This study has been completed.
Information provided by (Responsible Party):
GlaxoSmithKline Identifier:
First received: June 29, 2007
Last updated: February 21, 2013
Last verified: February 2013
This is a dose-ranging study to evaluate the efficacy, safety and tolerability of a range of doses of GSK189075 (an SGLT2 inhibitor) compared to placebo, administered over 12 weeks in treatment-naive subjects with type 2 diabetes mellitus

Condition Intervention Phase
Diabetes Mellitus, Type 2
Drug: GSK189075
Phase 2

Study Type: Interventional
Study Design: Allocation: Randomized
Intervention Model: Parallel Assignment
Masking: Double Blind (Subject, Investigator)
Primary Purpose: Treatment
Official Title: A Once-Daily Dose-Ranging Study of GSK189075 Versus Placebo In The Treatment of Type 2 Diabetes Mellitus in Treatment-Naïve Subjects

Further study details as provided by GlaxoSmithKline:

Primary Outcome Measures:
  • Hemoglobin A1c (HbA1c) at Week 12 [ Time Frame: 12 weeks ]

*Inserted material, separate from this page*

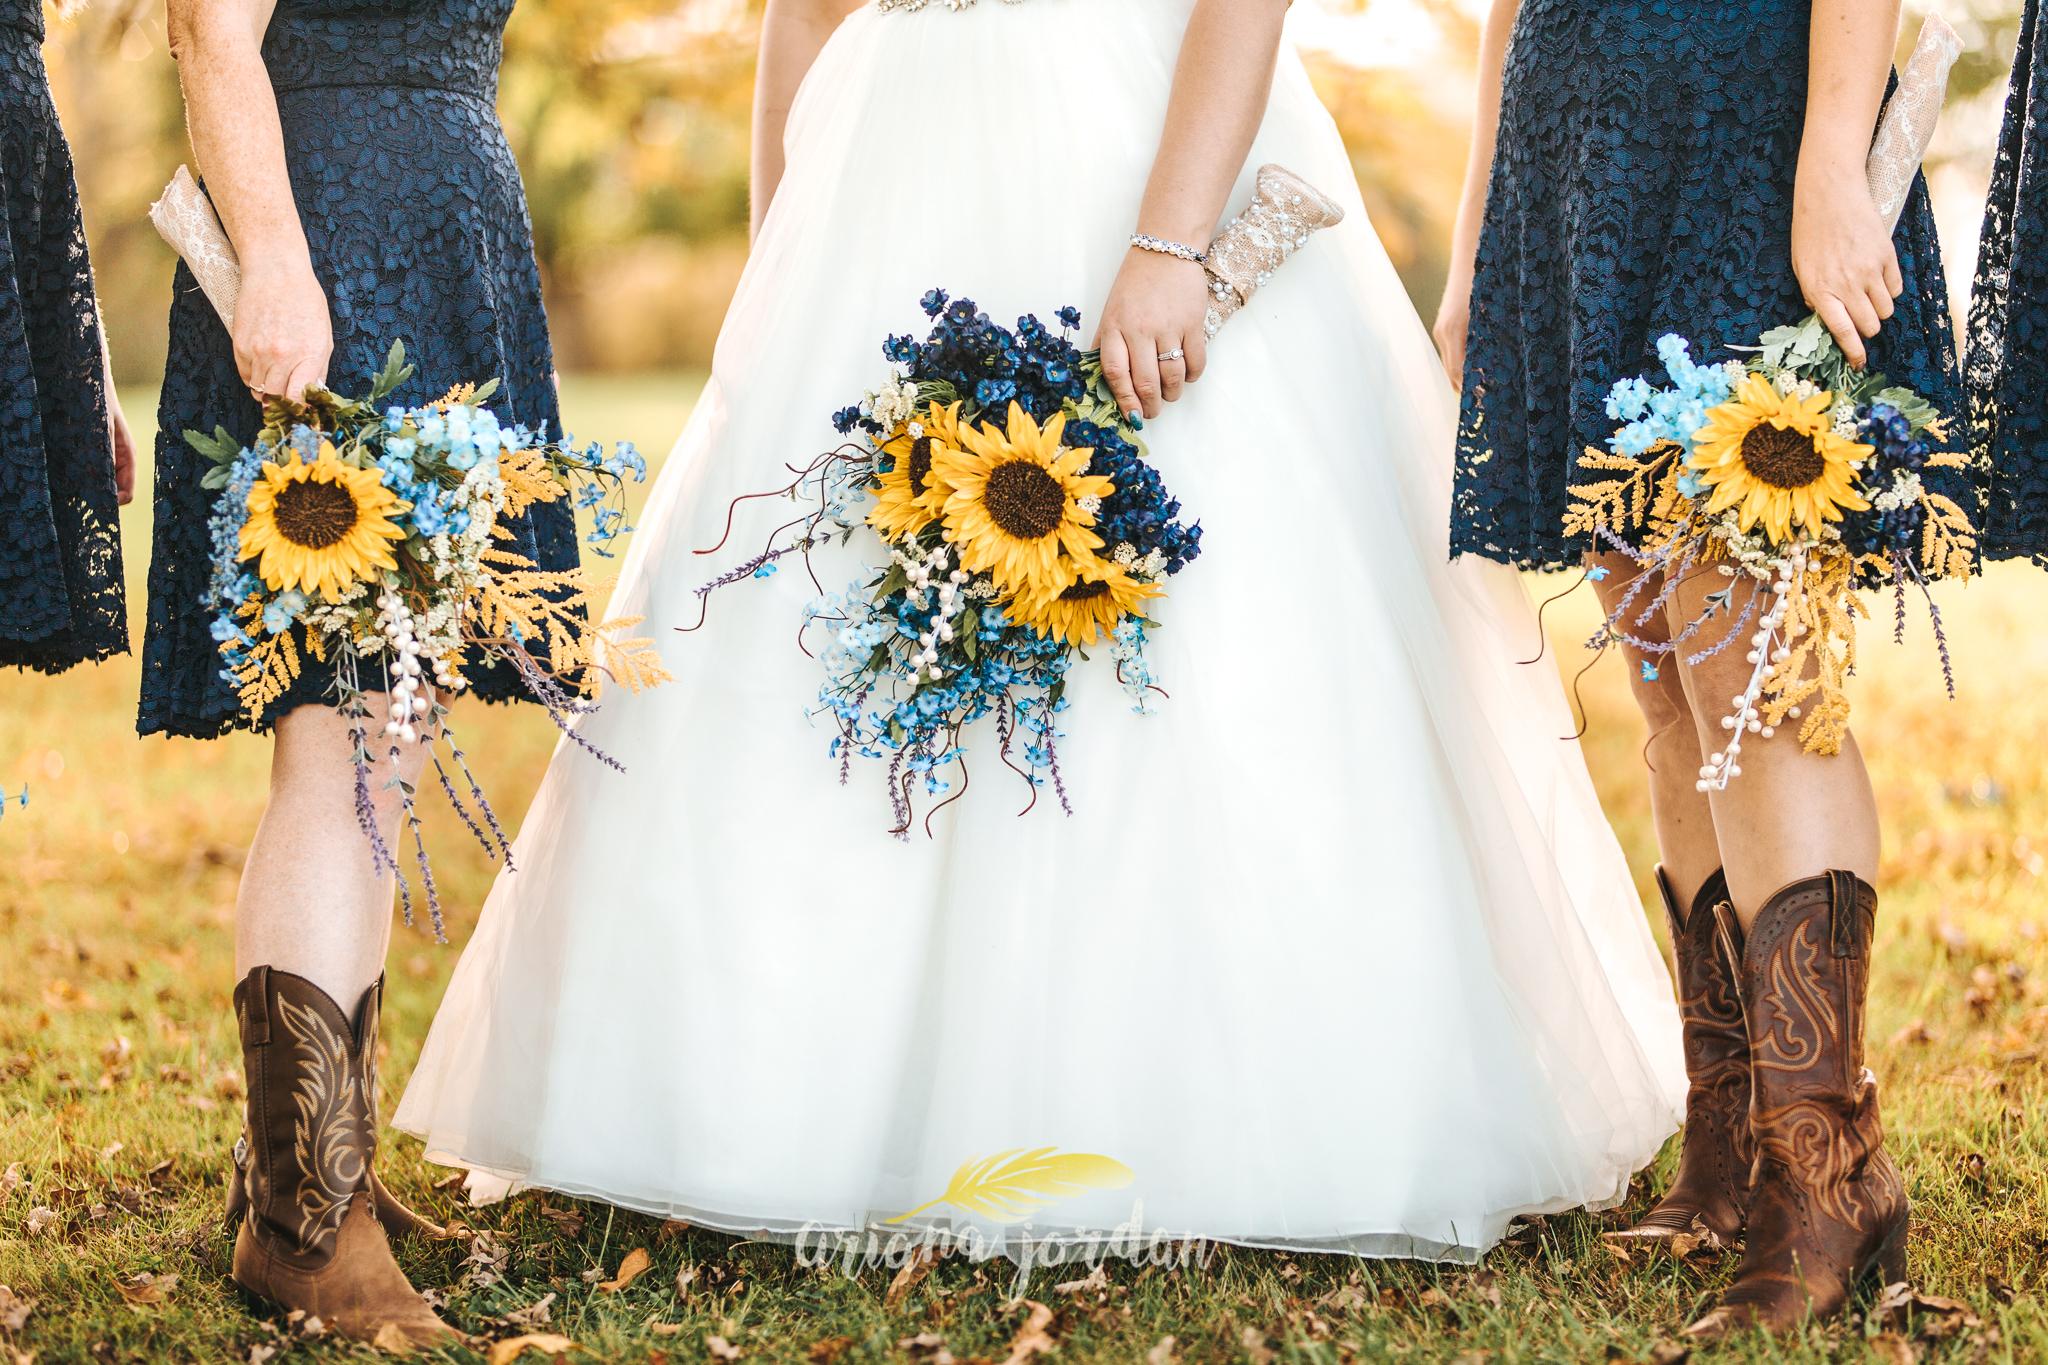 0066 Ariana Jordan Photography - Georgetown KY Wedding Photographer 6761.jpg

Secondary Outcome Measures:
  • Change in FPG, fructosamine, and lipids from baseline to week 12 Evaluation of adverse events/safety and tolerability Change in vital signs and weight [ Time Frame: 12 weeks ]
  • Secondary efficacy endpoints include change from baseline in HbA1c over time; change from baseline in FPG, fructosamine, and lipids; proportion of HbA1c and FPG responders; change from baseline in body weight [ Time Frame: 12 Weeks ]
  • Safety endpoints include AEs, incidence of hypoglycemia, vital signs, ECGs and standard laboratory tests. [ Time Frame: 12 weeks ]

Enrollment: 252
Study Start Date: August 2007
Study Completion Date: June 2008
Primary Completion Date: June 2008 (Final data collection date for primary outcome measure)
Arms Assigned Interventions
Experimental: Arm 1
Drug: GSK189075
12 weeks experimental drug
Placebo Comparator: Arm 2
Drug: GSK189075
12 weeks experimental drug


Ages Eligible for Study:   18 Years to 70 Years   (Adult, Senior)
Sexes Eligible for Study:   All
Accepts Healthy Volunteers:   No

Inclusion Criteria:

  • Subjects with a documented diagnosis of T2DM and HbA1c ≥7.0% and ≤9.5% measured by the central laboratory at Visit 1.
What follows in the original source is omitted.